Today we had a relaxed start to the day, made all the better thanks to a call from home. Lovely to hear news and to talk with our wonderful offspring.
Once we got going, we walked down past the Cutty Sark and into the Old Royal Naval College, which is now the tourist information centre for Greenwich and which has some good displays of artifacts dug up on the site. A good place to get an idea of the layers of occupation of the site.
We tagged along on a free tour of the area, admired the breathtaking view of Chistopher Wren's neoclassical symmetry, gazed mournfully at the gate where Anne Bolyen departed on her last trip down the river to the tower, and paid our respects to the memorial to Admiral Thomas Masterman Hardy in the splendid Chapel of St Peter and St Paul. There is a family tradition, to which my dad subscribed, that our branch of the Hardy's is somehow connected to the Admiral's. Hardy is a certainly a big name in Greenwich, as we passed Hardy's Sweet Shop, and the Admiral Hardy Hotel.
After lunch we headed over to the National Maritime Museum. Wonderful collection but somehow we struggled with it - the presentation seemed geared more for a younger school kid audience, lots of amazing facts and artifacts, but not strung in any coherent narrative that we could discern. But I am glad to have seen it, and the staff go out of their way to be helpful.

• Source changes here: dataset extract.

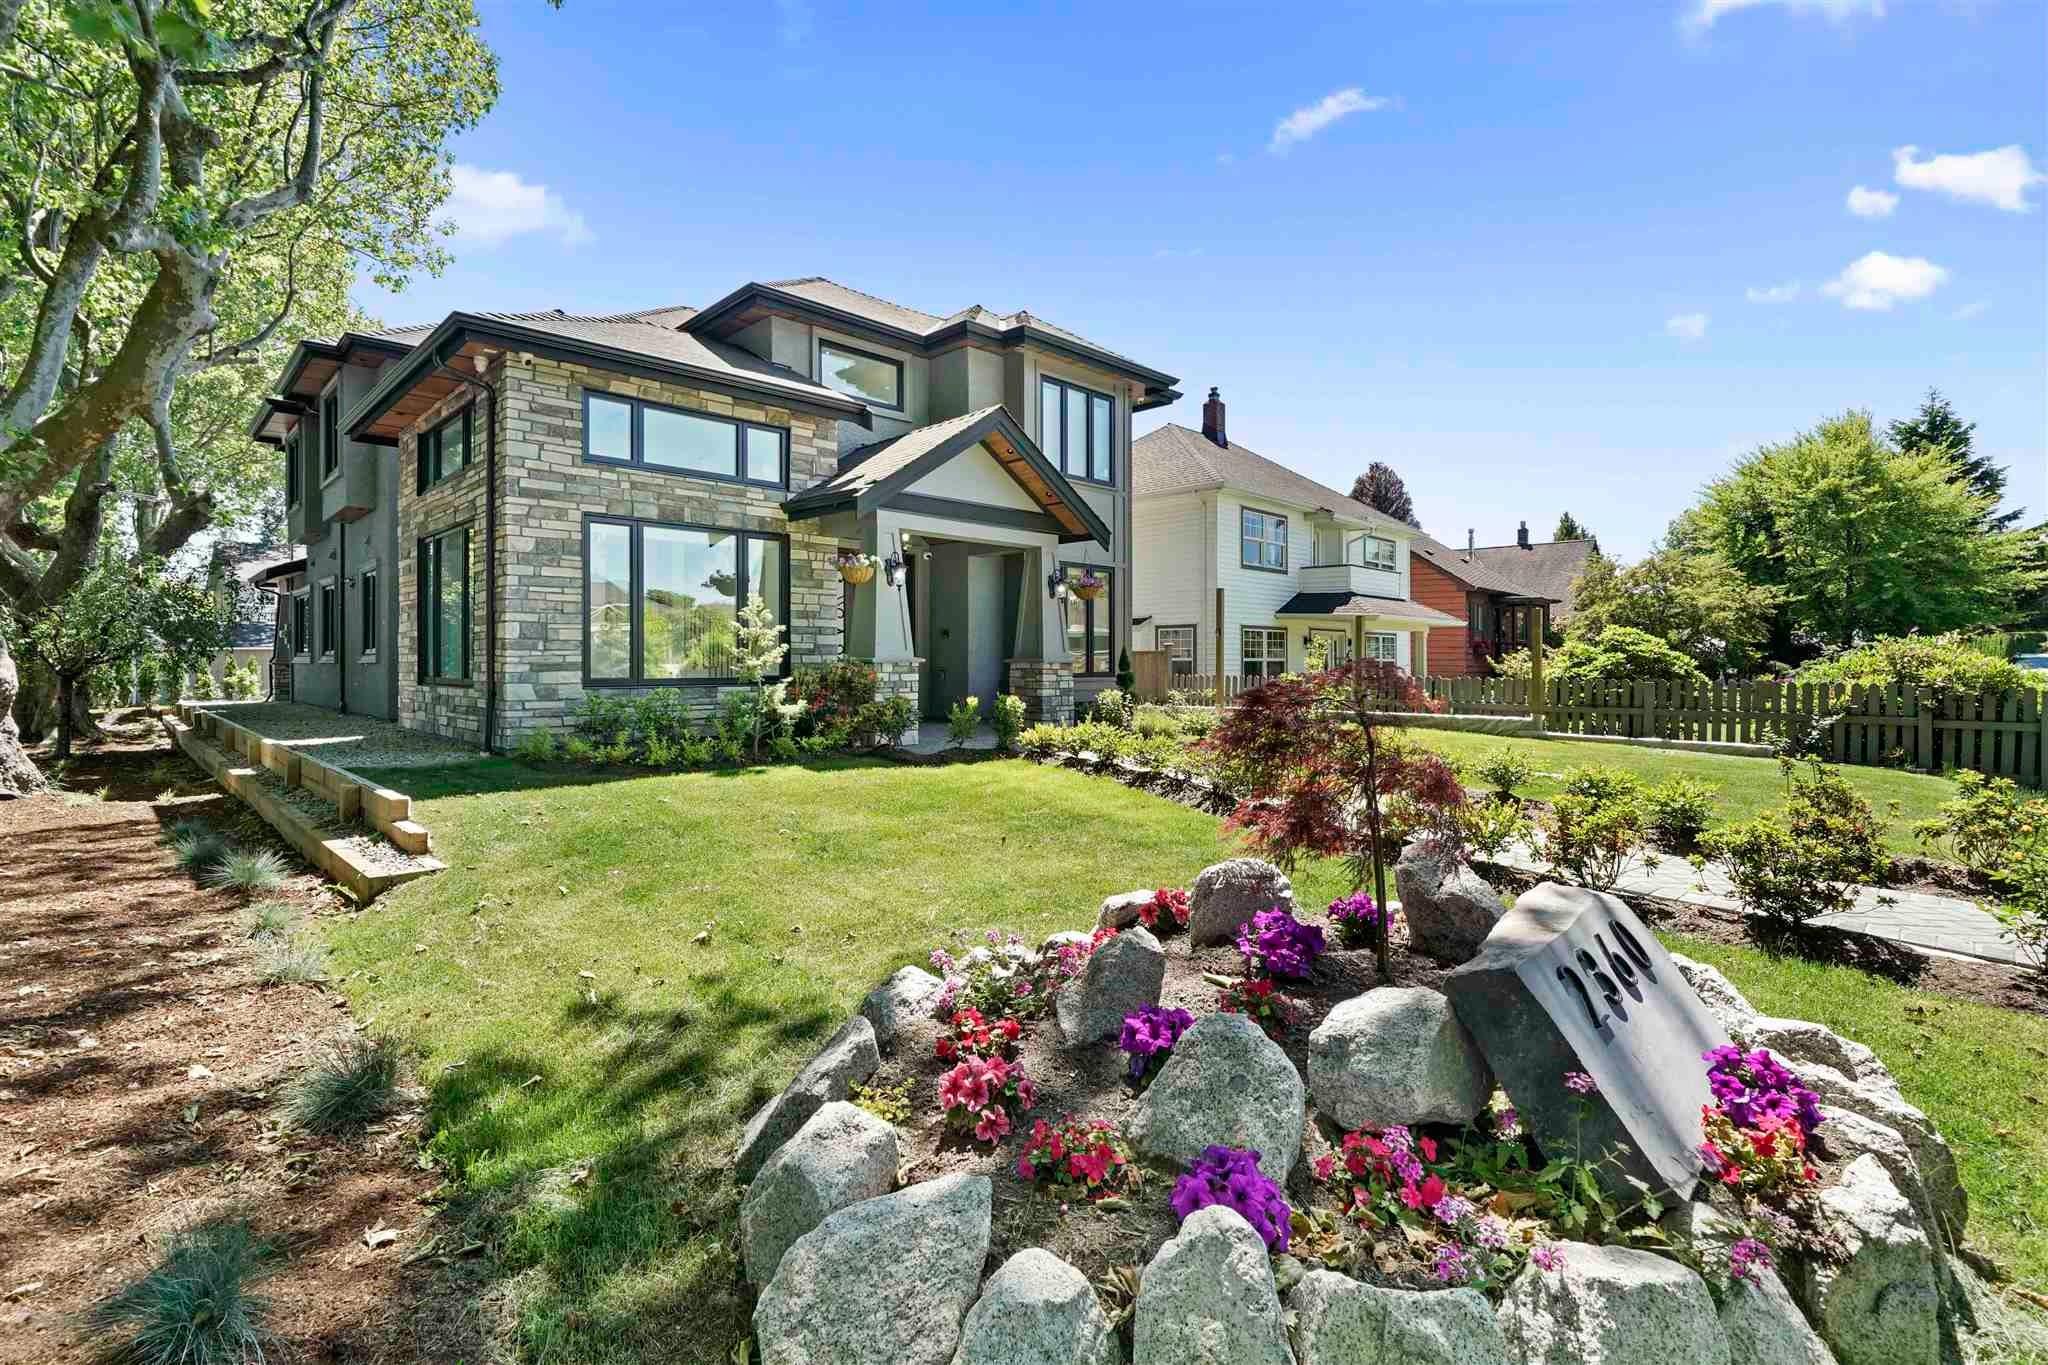 2360 DOUGLAS CRESCENT - Sea Island House/Single Family for sale, 5 Bedrooms (R2602865)

We then met up with a friend from the Camino. John and I walked across the Meseta together, and a more congenial companion for the challenges of that stretch would be hard to find. It was a treat to see him again, and, gentleman that he is, he has offered to drive us next week to a couple of destinations that are hard to get to by public transport.
We pottered home in the sunshine of a lovely afternoon, passing through Greenwich market and circumnavigating the church of St Alfege, "dedicated to Alege, the Archbishop of Canterbury, who was martyred by Vikings on this site in 1012", according to my Greenwich Guide.
Tomorrow we collect our two day London passes, and Anne has been planning carefully so we can make the most of them.